PROMPT: Omitting the pictures, print every line below exactly as it stands.

COLLECTED DATA:

- - - - -

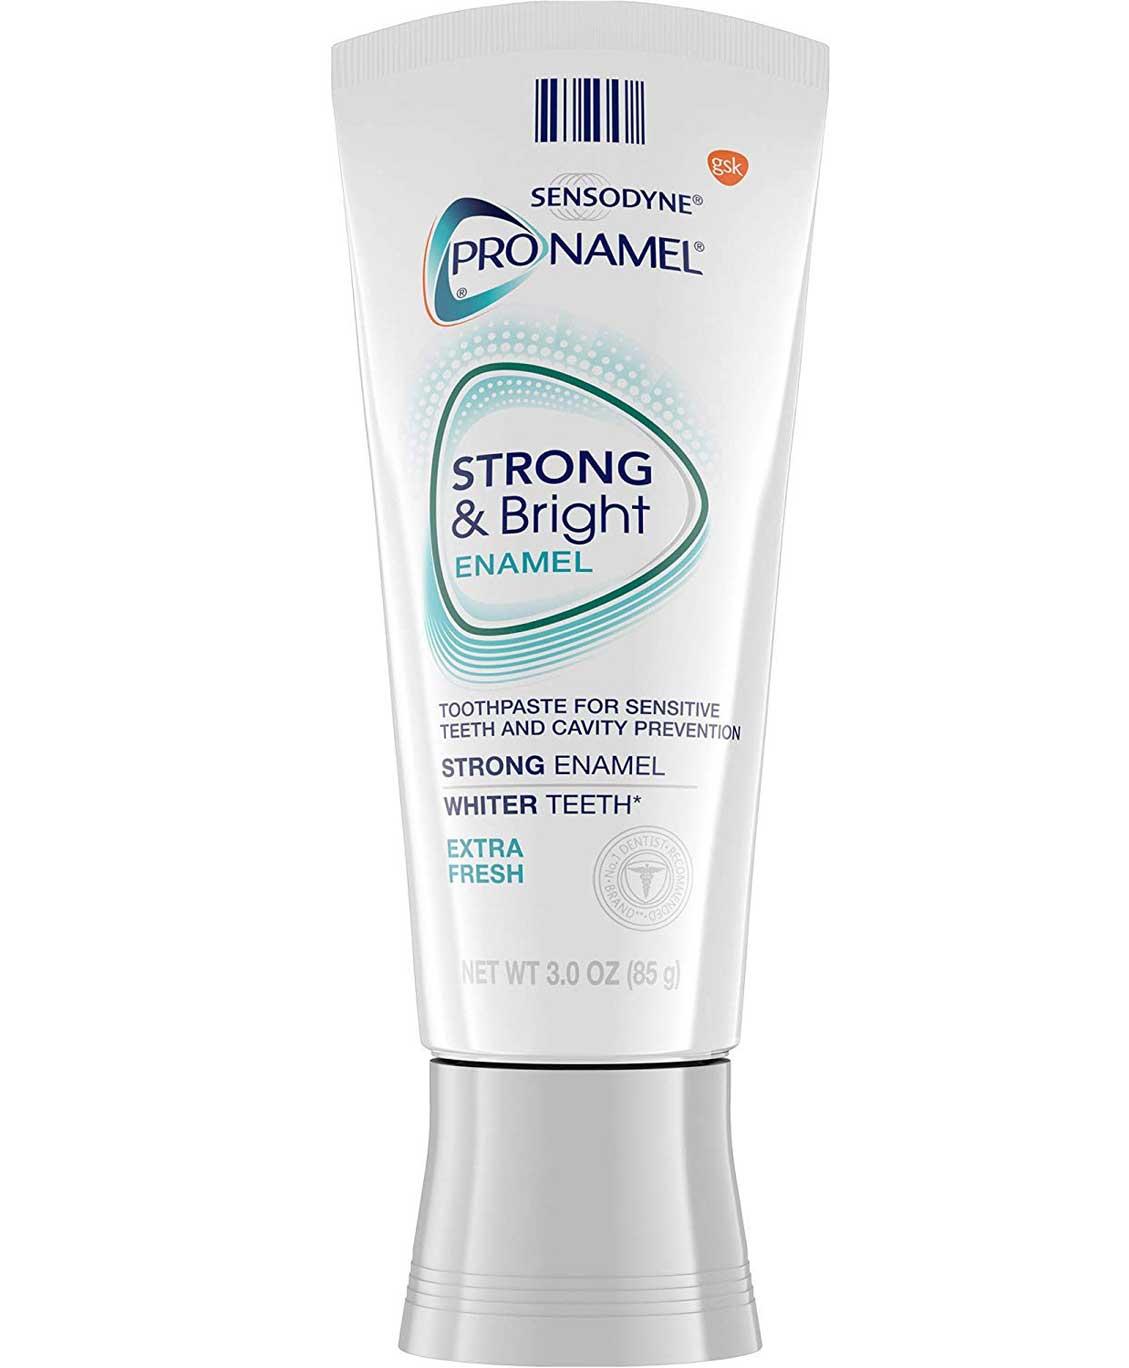 Sensodyne ProNamel Strong & Bright Enamel Extra Fresh Toothpaste, 3 oz
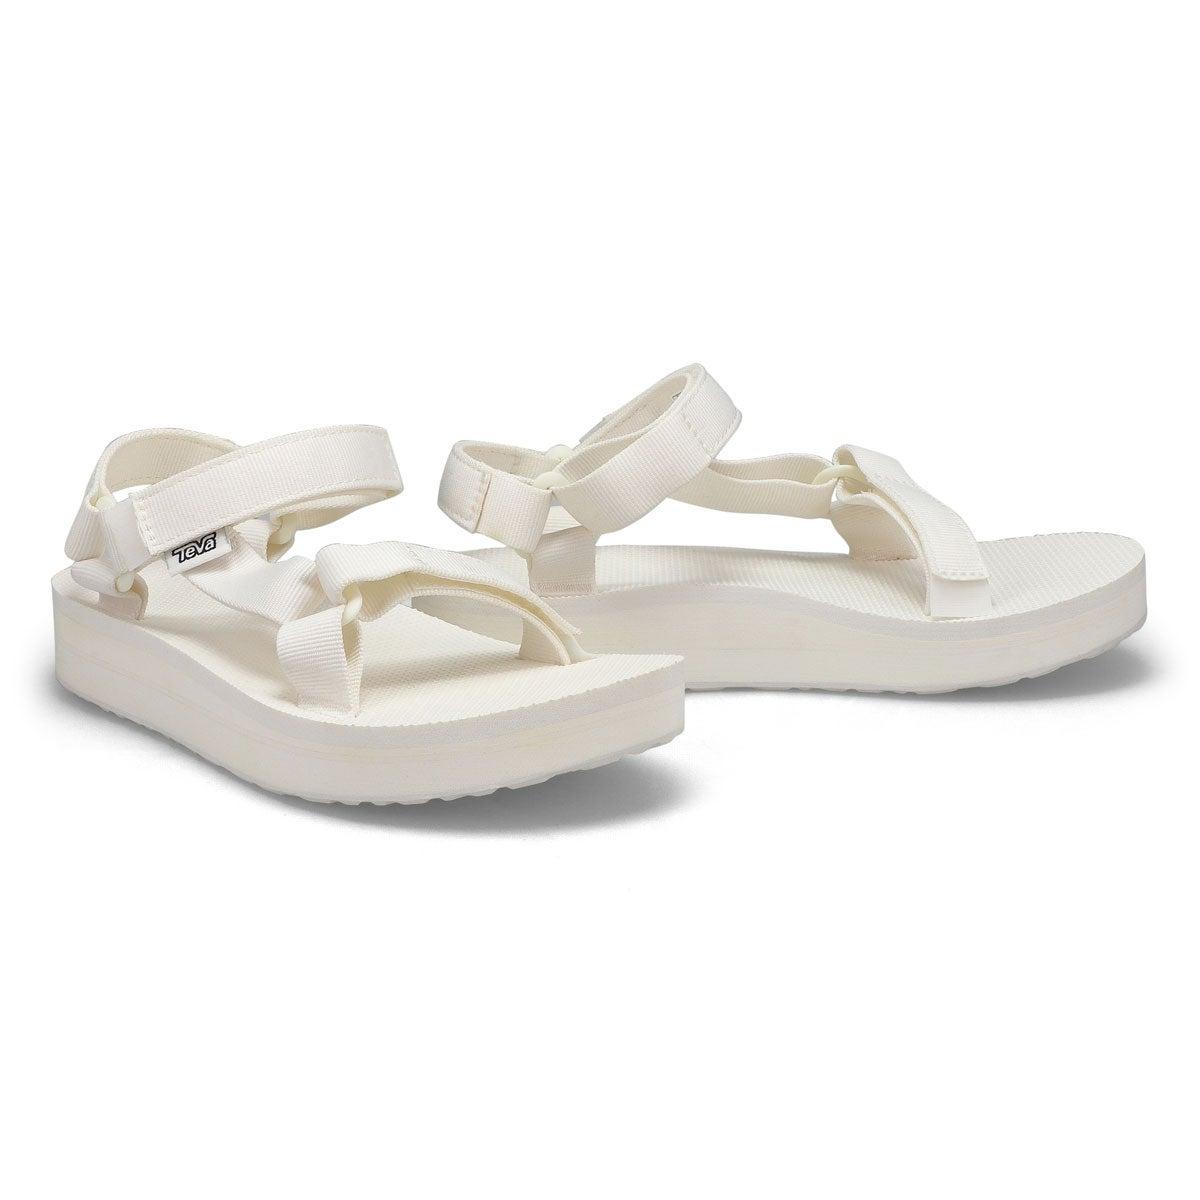 Women's Midform Universal Sport Sandal -Bright Wht
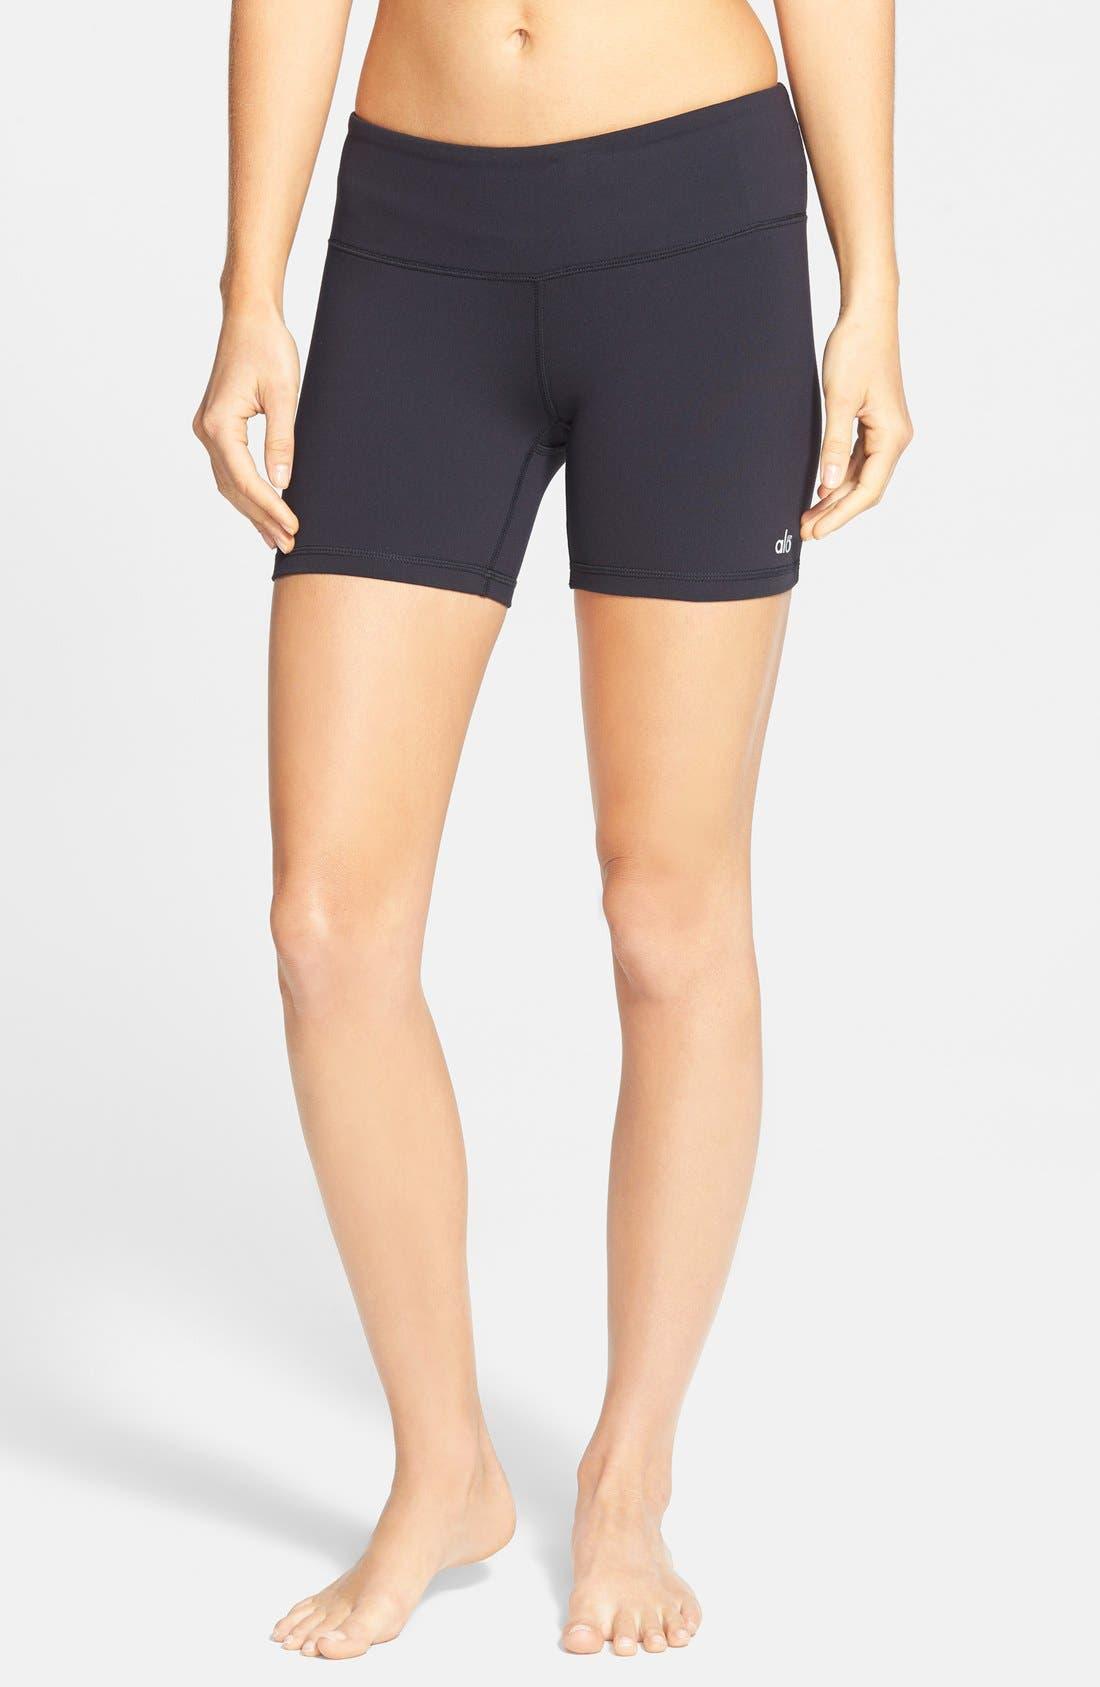 'Burn' Shorts,                             Main thumbnail 1, color,                             BLACK

- - - - -

RESULT OF THE TASK:
 Sensodyne ProNamel Strong & Bright Enamel Extra Fresh Toothpaste, 3 oz
 Women's Midform Universal Sport Sandal -Bright Wht
 'Burn' Shorts,                             Main thumbnail 1, color,                             BLACK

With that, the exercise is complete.